Ele sempre piscava duas vezes antes de chutar.

Foi assim que conseguimos empatar. Quando ele piscou, eu antecipei o movimento e roubei a bola. Passei para Pamela, que tocou para Anderson na ponta. Cruzamento rasteiro, Neguin subiu de cabeça. Gol.

A quadra explodiu. Nosso time gritava. O time de Daniel ficou em silêncio, chocado.

Daniel não gostou. Não gostou nada.

Nos minutos finais, o jogo ficou físico. Daniel me deu uma cotovelada no rosto quando o árbitro não via. Sangue escorreu do meu lábio. Ele sorriu, mostrando os dentes.

— Você não deveria ter vindo para cá, novato — sussurrou ele, enquanto nos preparávamos para uma cobrança de falta. — O Helsing não é lugar para lixo como você.

— Então por que você está tão assustado? — respondi, limpando o sangue.

Seus olhos se estreitaram. Não era raiva. Era pavor.

A falta foi nossa. Pamela cobrou. A bola bateu na trave, voltou, eu aproveitei o rebote e chutei de voleio. A bola entrou no ângulo. O goleiro nem se mexeu.

3 a 2. Vitória nossa.

Nosso time invadiu a quadra. Neguin me levantou nos ombros. Paulo gritava como louco. Pamela veio correndo, e por um segundo pensei que ela fosse me beijar, mas ela parou a centímetros do meu rosto, sorindo, os olhos brilhando.

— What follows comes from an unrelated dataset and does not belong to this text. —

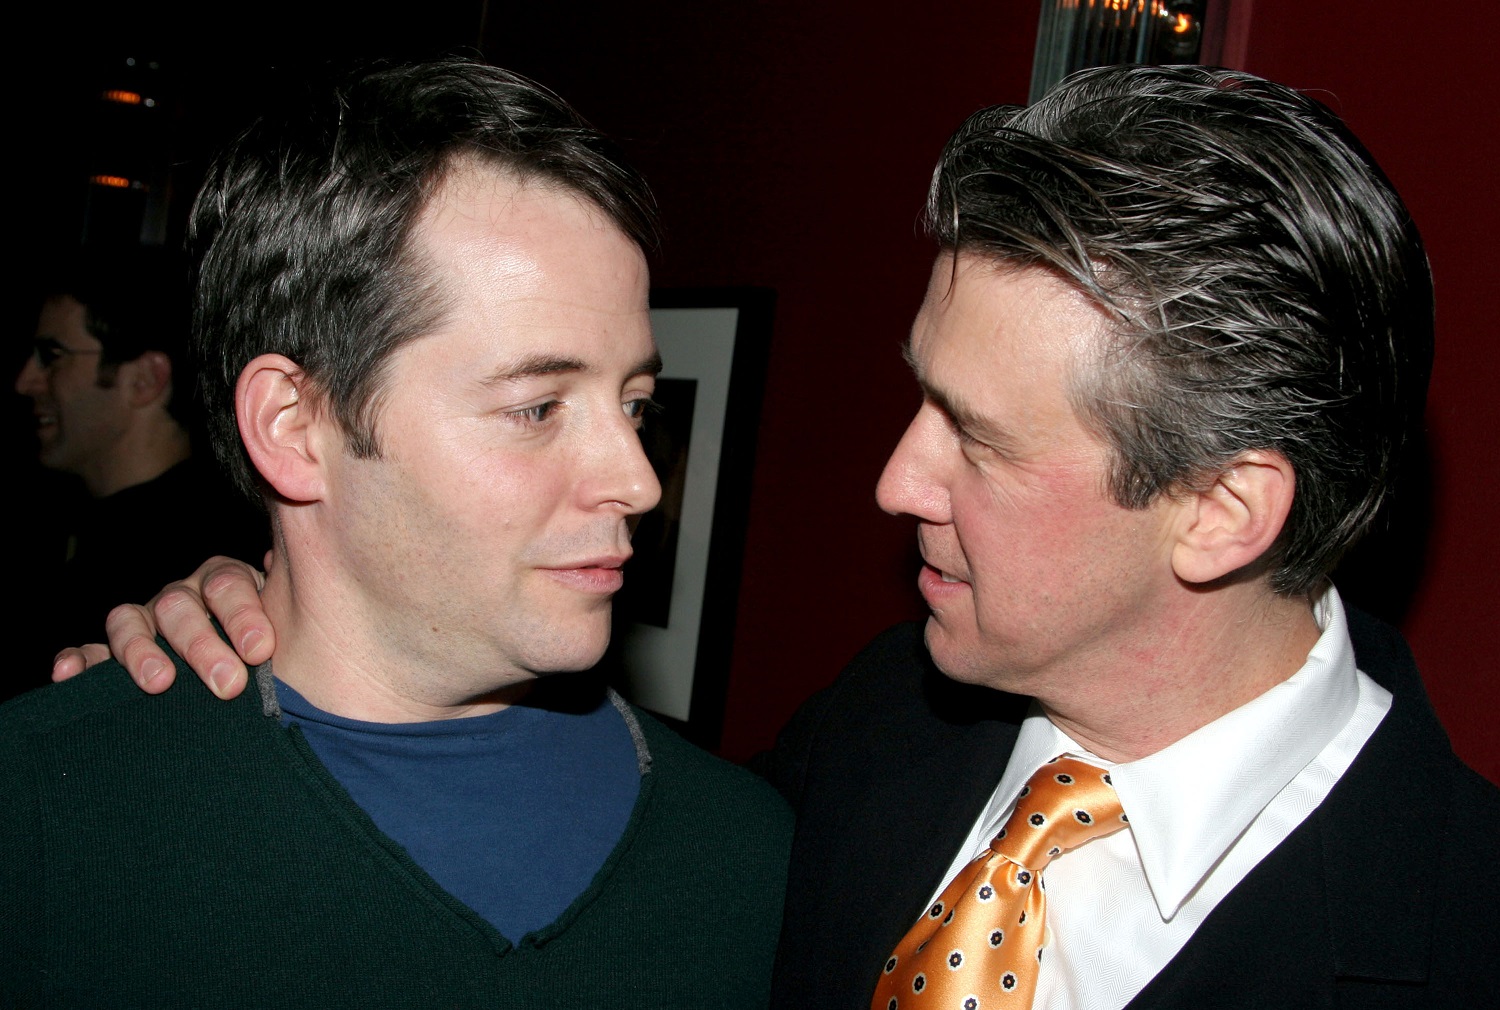 Matthew Broderick and Alan Ruck, who starred in Ferris Bueller's Day Off
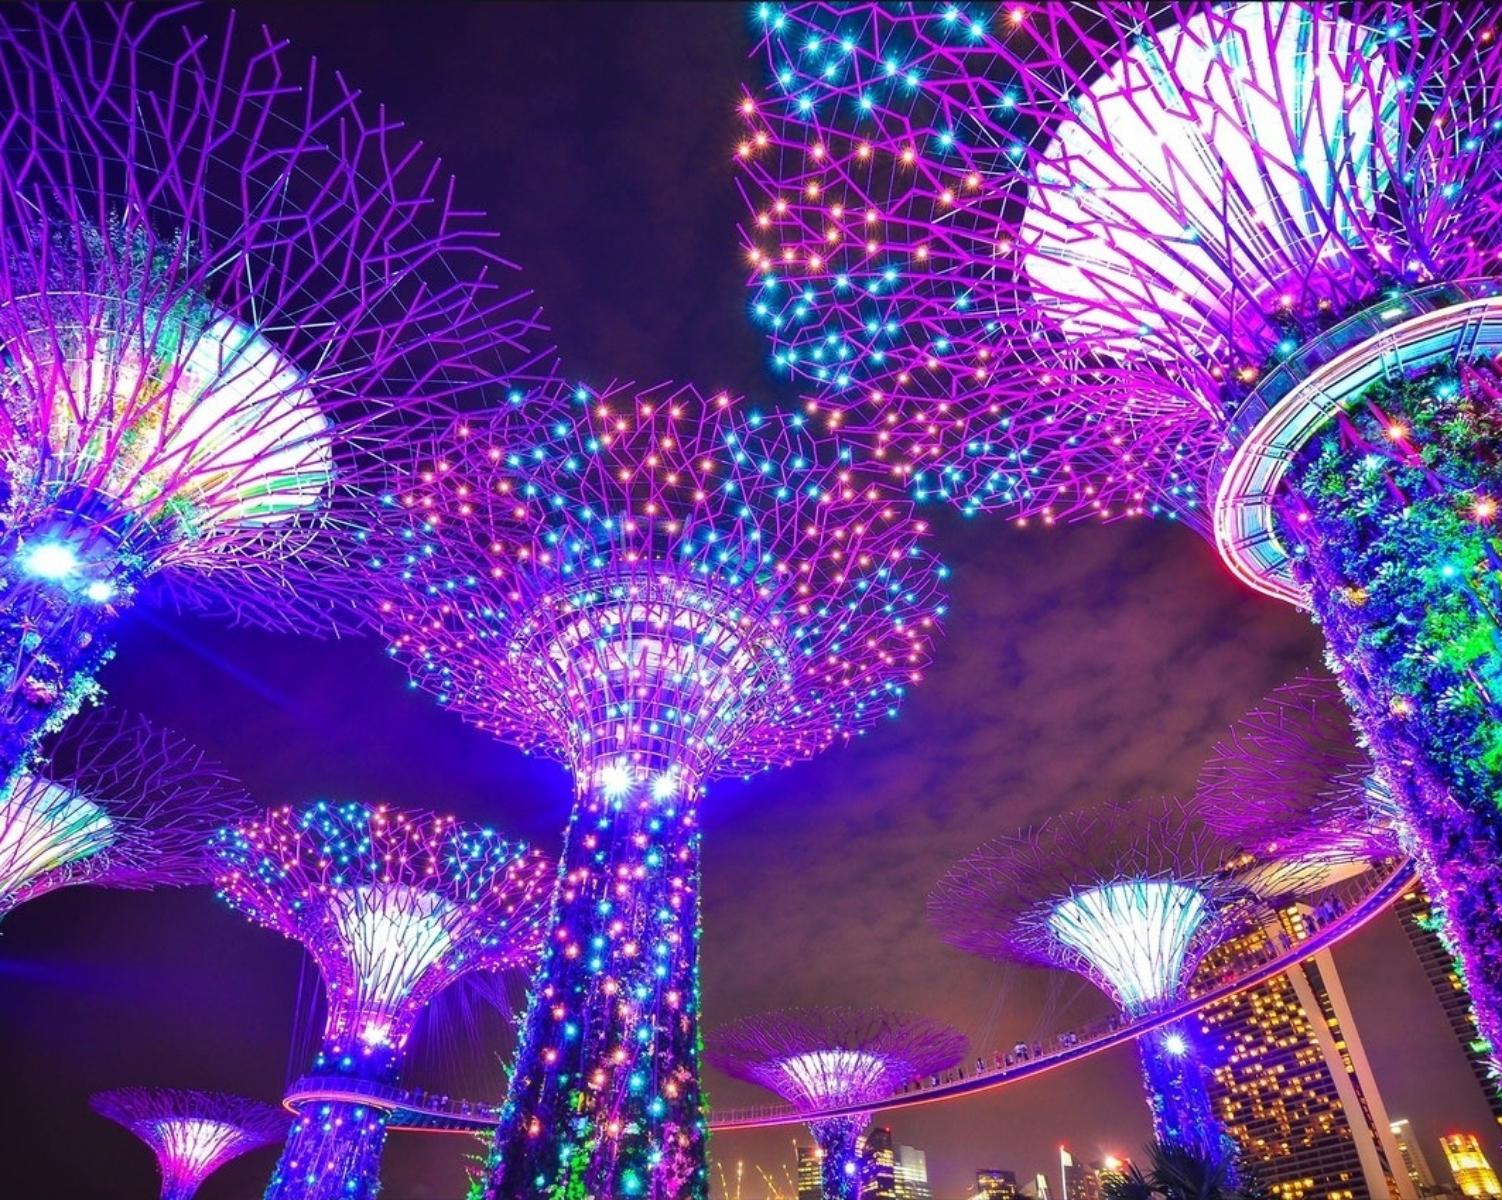 10. Gardens by the Bay – Singapore

— Você é louco — disse ela, ofegante. — Louco e bom.

Do outro lado, Daniel observava. Ele não gritava, não reclamava. Apenas ficou ali, imóvel, a bola aos seus pés. E então, enquanto todos celebravam, ele fez algo estranho.

Levantou a camisa para secar o suor. No peito, tatuado em tinta azul quase fluorescente, havia um símbolo — nove pontos formando um círculo, com um olho no centro.

Eu conhecia aquele símbolo. Estava nas questões 7, 14 e 23 da prova. Era o símbolo do Núcleo.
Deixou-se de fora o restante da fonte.